Here is an example of the expected output:
```
Slight-Right-Turn 0.6666666666666666
Sharp-Right-Turn 0.3333333333333333
----------
Sharp-Right-Turn 0.5384615384615384
Slight-Right-Turn 0.46153846153846156
----------
Slight-Right-Turn 0.6590909090909091
Sharp-Right-Turn 0.3409090909090909
----------
Slight-Right-Turn 0.75
Sharp-Right-Turn 0.19642857142857142
Move-Forward 0.05357142857142857
----------
```
Note that all of these calculations much be performed in Spark and not the driver program. The driver program should only print the final result.

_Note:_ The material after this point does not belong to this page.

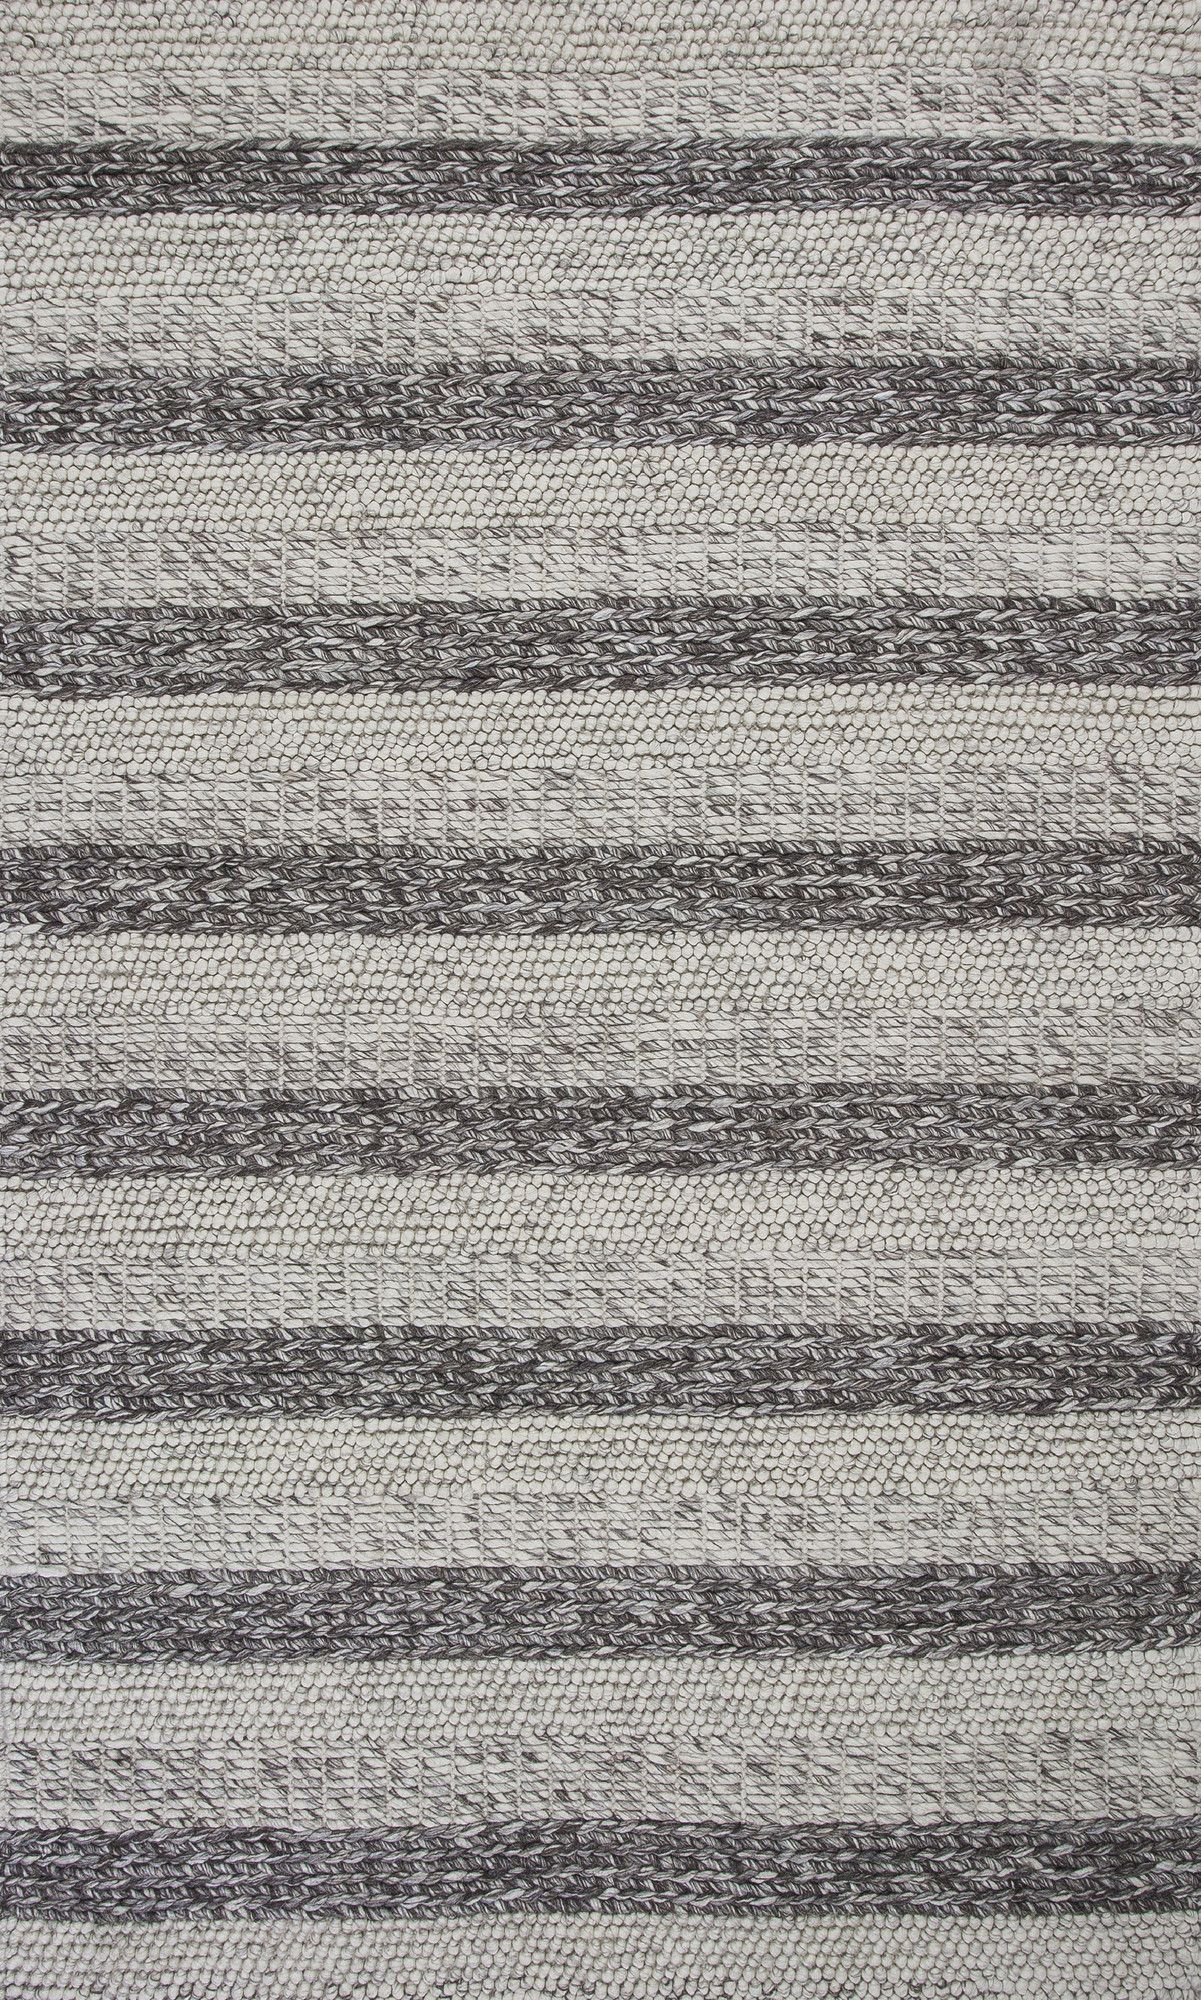 Luckey Hand-Woven Gray/White Area Rug

**Hint**: since this question asks you to print results with a custom format you cannot use pprint(). Instead, prepare the results using some transformations and at the end use forEachRDD() to collect and print the results. Please look up forEachRDD in the API to learn how it works.

In [None]:
ssc = initStreamingContext()
robotData = ssc.socketTextStream("datasci.cs.uwaterloo.ca", 4321)
#### Your Solution to Question 2 here

ssc.start()
# Let's wait for 10 seconds before we stop the program.
# Feel free to change this value but make sure you change it back to 10 before submission.
time.sleep(10)
ssc.stop()

---
Don't forget to save your workbook!   When you are finished and you are ready to submit your assignment, download your notebook file (.ipynb) from the hub to your machine, and then follow the submission instructions in the assignment.